– «Да ведь других у нас нет. А эти вот попались, голубушки!»
Разумеется, в сонетах Шекспира много личного чувства, глубоко пережитого опыта. Но как этот опыт претворяется в художественных произведениях, вопрос другой. Разве нет глубоко личного, искреннего чувства в монологах Гамлета? Или Отелло? Или Лира? Да кого угодно из его персонажей, не исключая женщин. Помните, что отвечал Флобер на вопрос о прототипе мадам Бовари: «Мадам Бовари – это я». Так и Шекспир живет – сам! – в Катарине, в Корделии, в Клеопатре, в Джульетте. Да что там – даже в Кормилице Джульетты.
Так что же – Шекспир все придумал? Ну, вот опять Вы, читатель, бросаетесь в другую крайность. Истина, по-видимому, лежит посередине.
«Сонеты Шекспира, – писал А. А. Аникст, – следует рассматривать, прежде всего, как произведения поэзии. В какой мере в них отразились личные переживания Шекспира, судить трудно. Есть сонеты, в которых ощущаются непосредственные чувства автора. Но Шекспир – гениальный поэт, и мы можем обмануться, считая, что он исповедуется перед нами, когда на самом деле он выражает не столько свои, сколько общечеловеческие чувства»[72].

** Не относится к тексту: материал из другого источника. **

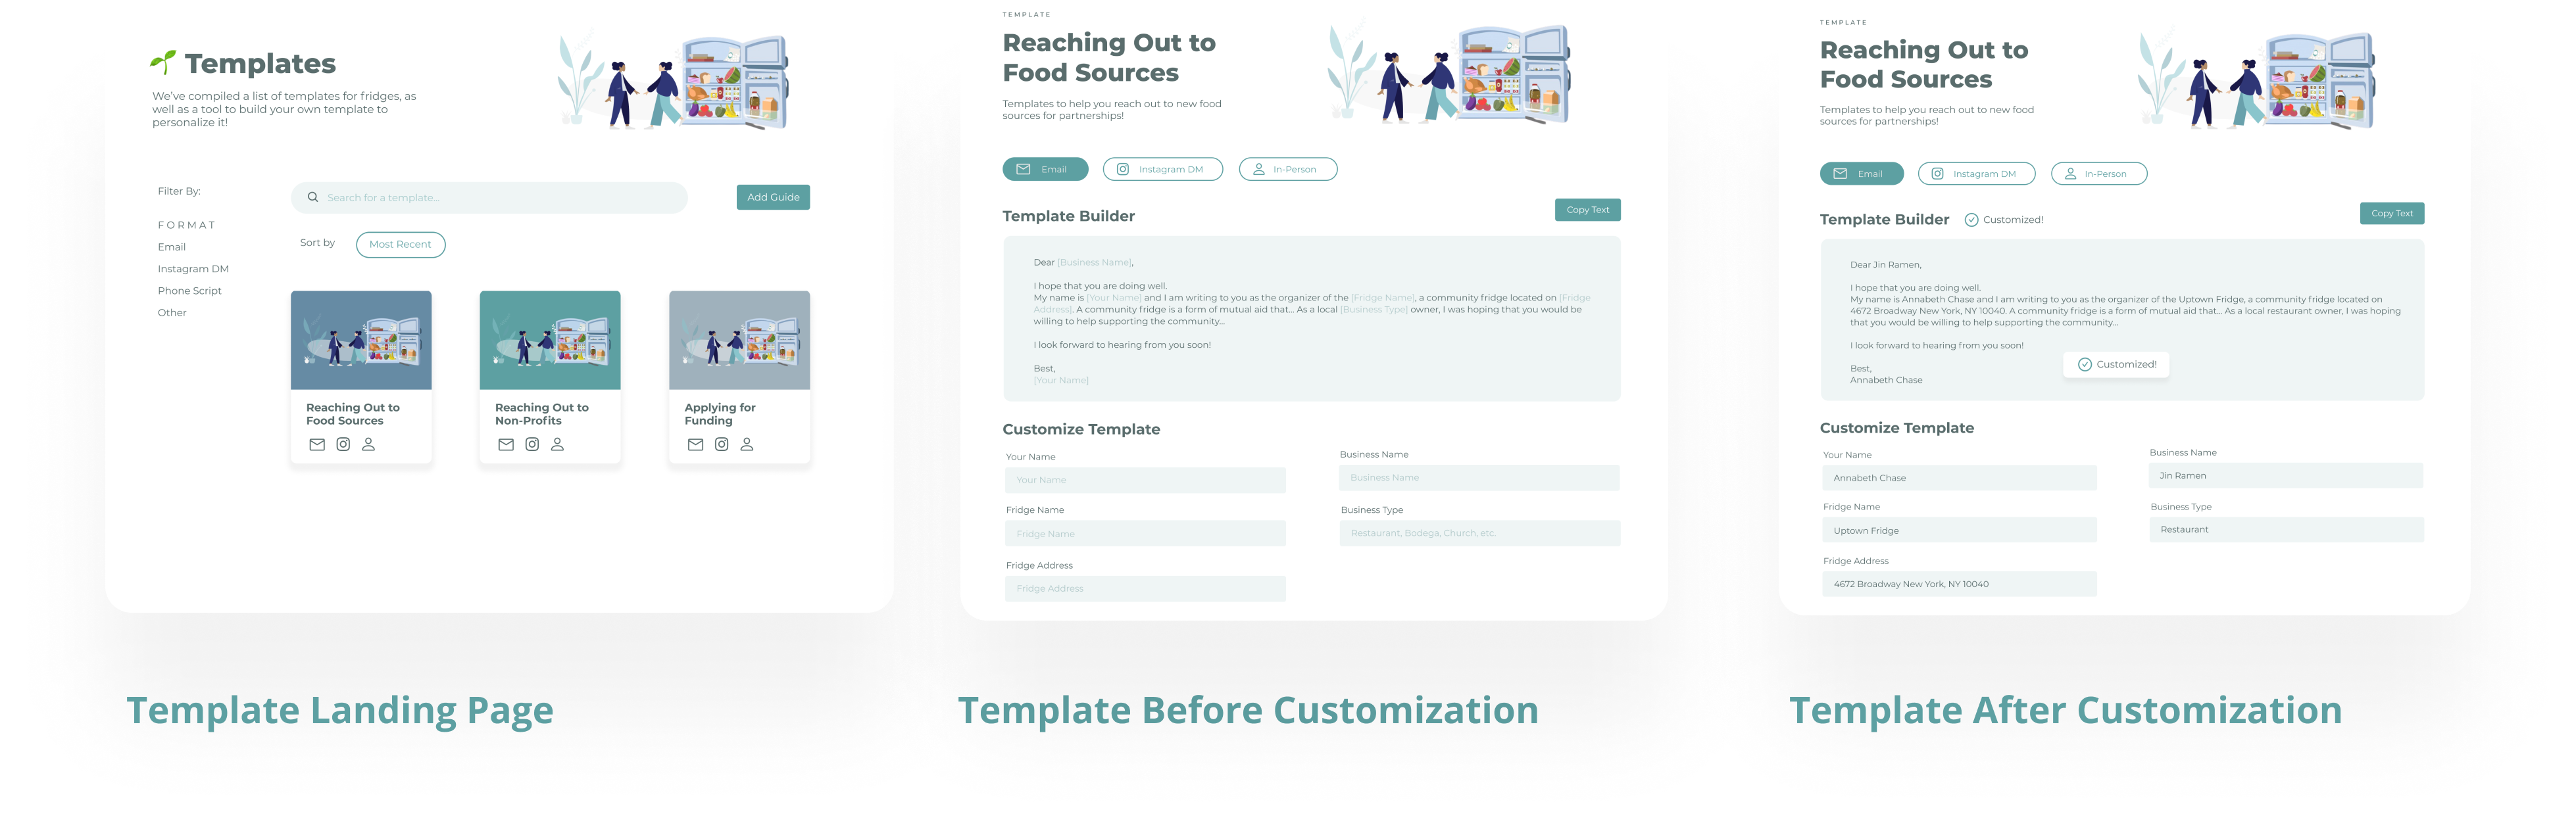 Three small images showing the template landing page where all templates are displayed, a customizable template before customization and after customization

Была ли у Шекспира «история с треугольником» такого накала, какой запечатлен в его сонетах, мы не знаем. Но известно, что в 1596 году он потерял своего единственного сына – одиннадцатилетнего Гамнета, на которого он возлагал большие надежды. И ни одного слова в стихах – ни сонета, ни элегии.
Бен Джонсон в аналогичном горе написал известные стихи: «Прощай, сынок! Немилосердный рок / Мне словно руку правую отсек…».
А Шекспир – ничего. Тишина.
Такой характер говорит о боязни публичности, о целомудренной скрытности характера – может быть, застенчивости. Говорить напрямую устами своих персонажей – другое дело. Быть собою, надев чужую маску, – пожалуйста.
Заключение
Никакое рассуждение о сонетах не может претендовать на статус окончательной истины. Всякое литературоведческое исследование – лишь попытка реконструкции, не более. От нее требуется только одно: быть качественней, чем ее конкуренты. Она должна давать ответы на большее количество вопросов. Истолкований может быть сколько угодно, но это не значит, что все они равноценны. Демократии здесь не место. Задача критика в том, чтобы выстроить теории в иерархическом порядке по степени их убедительности.
Не отрицая глубокой лиричности шекспировских сонетов (по крайней мере, многих из них), мы все же полагаем, что, взятые как целое, они – скорее результат обдуманного замысла, чем вольный поэтический дневник. Что не исключает, конечно, множества конкретных импульсов, из которых рождались те или другие сонеты.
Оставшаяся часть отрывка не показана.